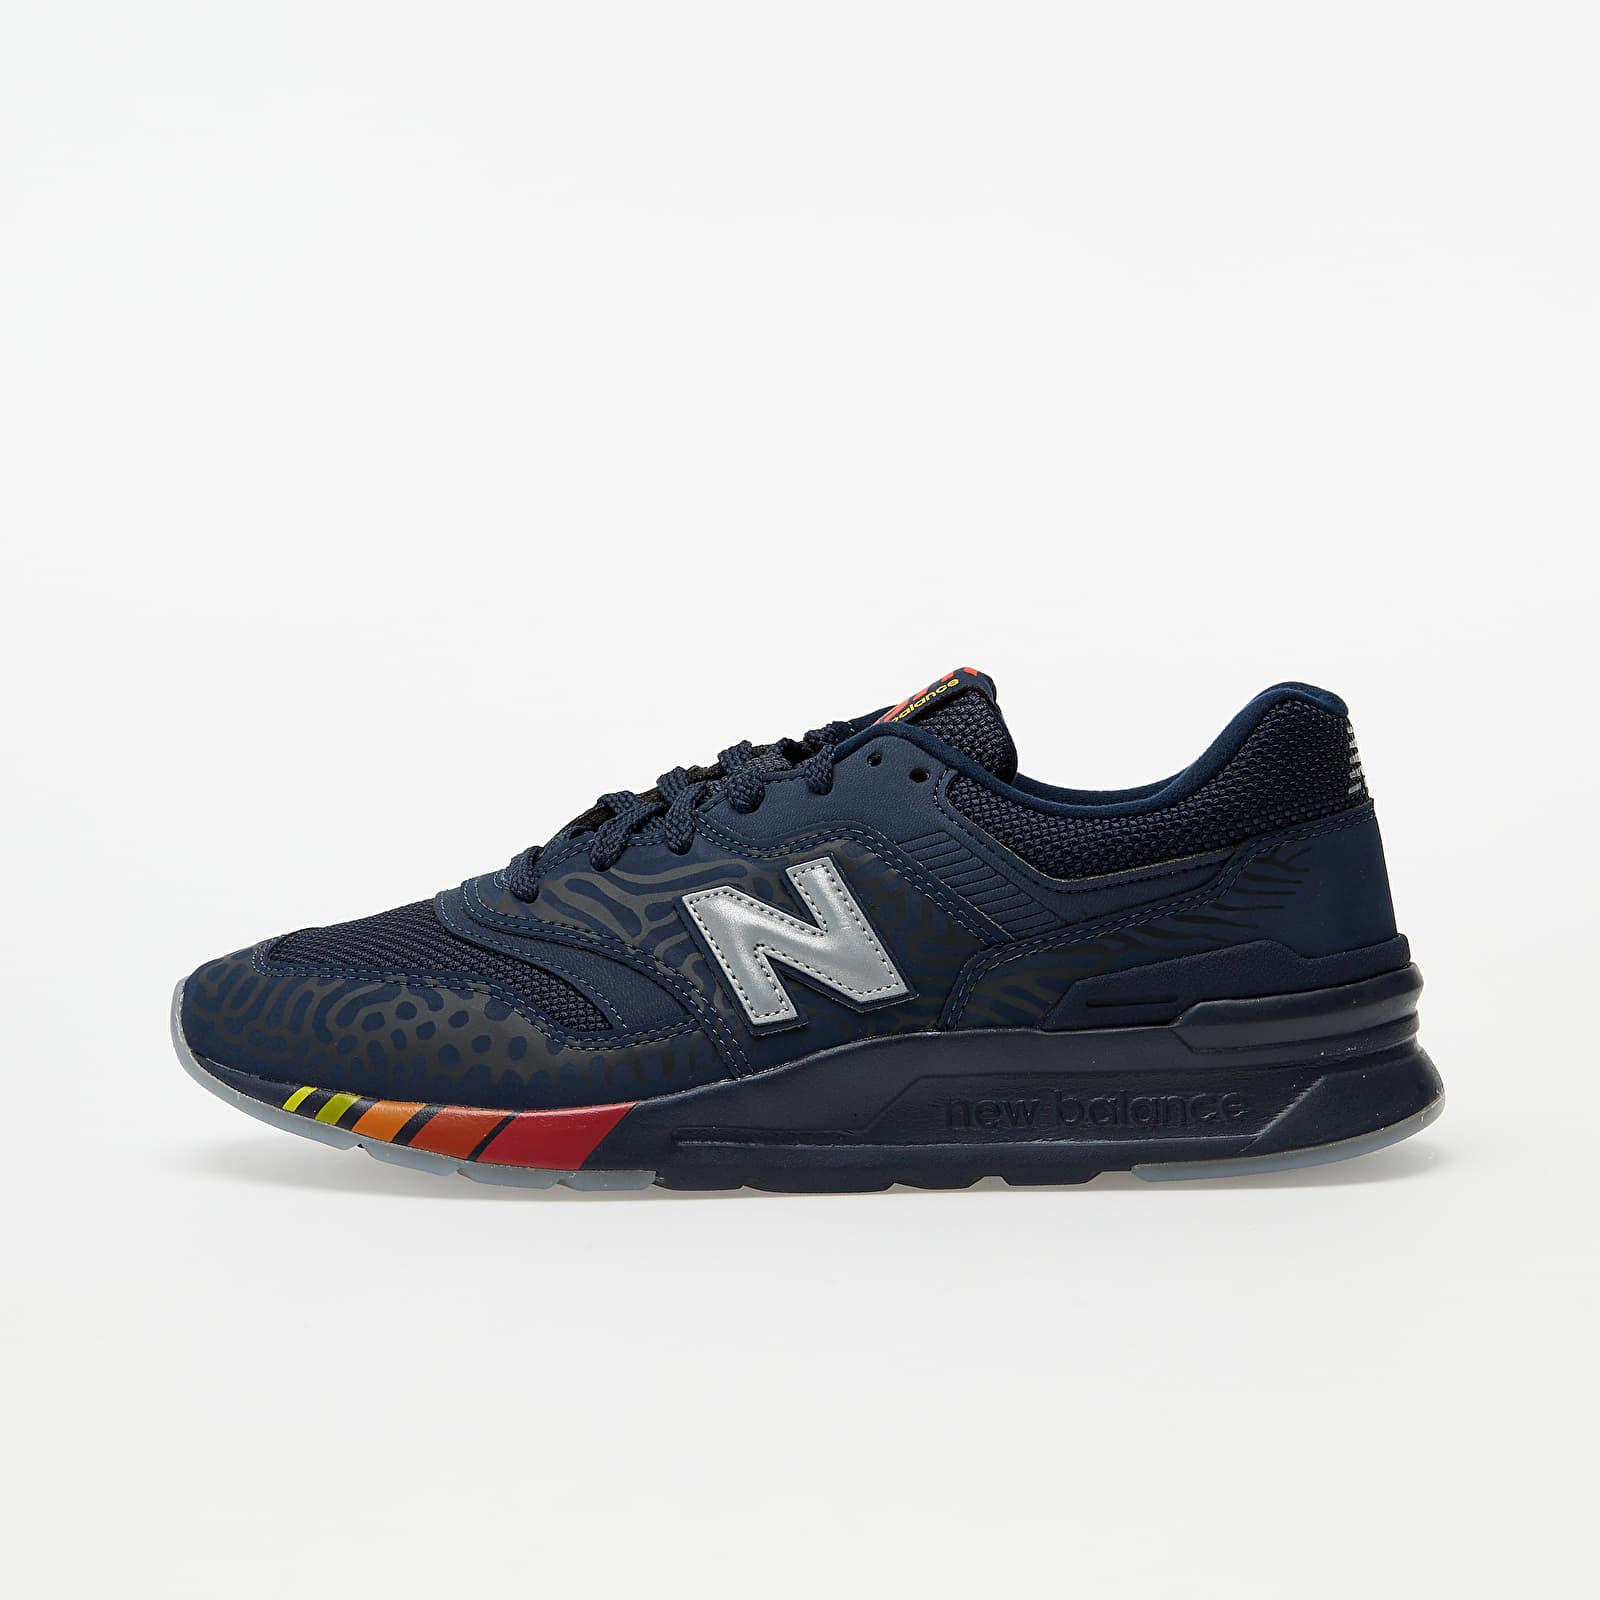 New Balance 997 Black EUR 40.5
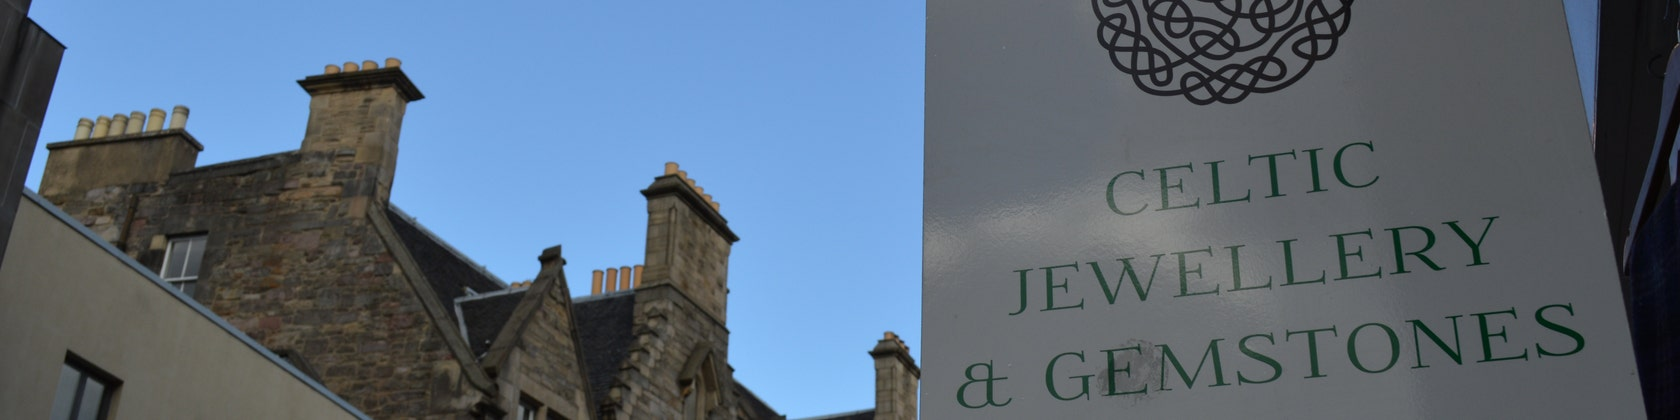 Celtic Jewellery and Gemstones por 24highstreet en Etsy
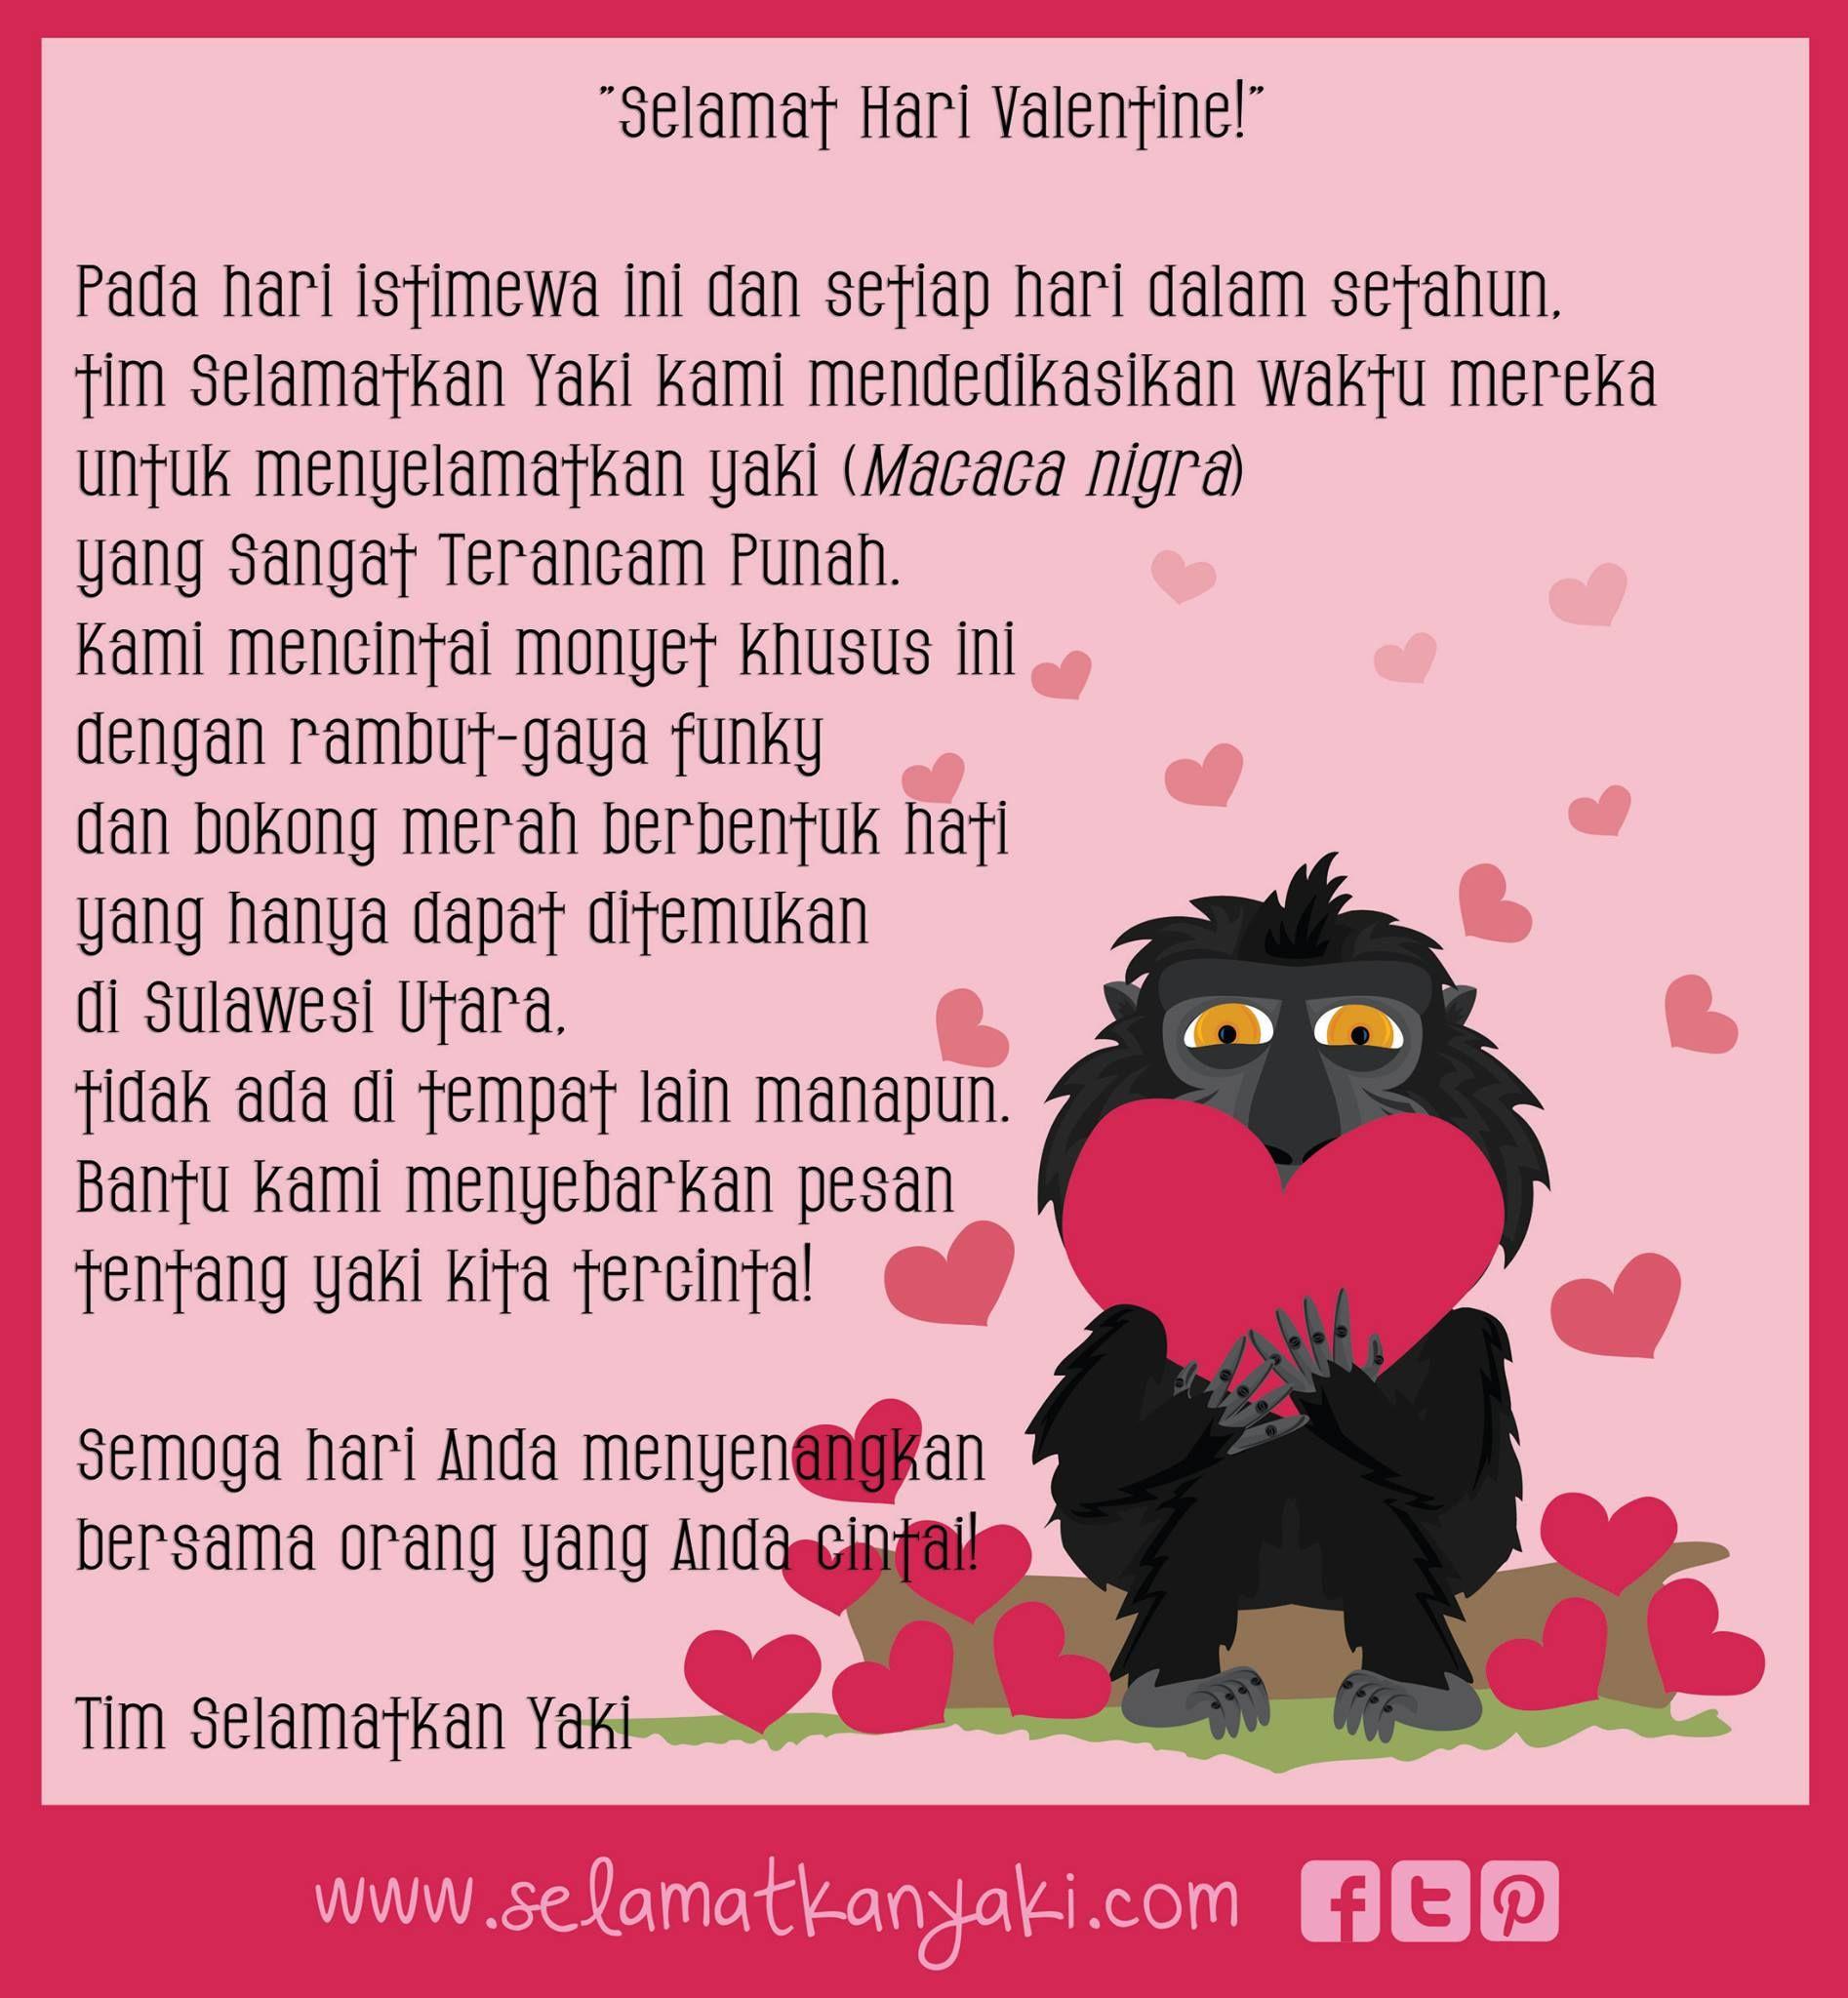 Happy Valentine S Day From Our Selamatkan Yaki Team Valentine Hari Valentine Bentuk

PROBLEM REQUIREMENTS => Copy nothing but the lines from the line that contains "Celtic Jewellery and" through the end of the listing, exactly, and keep pictures out of it.

RESULT OF THE EXERCISE =>
 Celtic Jewellery and Gemstones por 24highstreet en Etsy
 Happy Valentine S Day From Our Selamatkan Yaki Team Valentine Hari Valentine Bentuk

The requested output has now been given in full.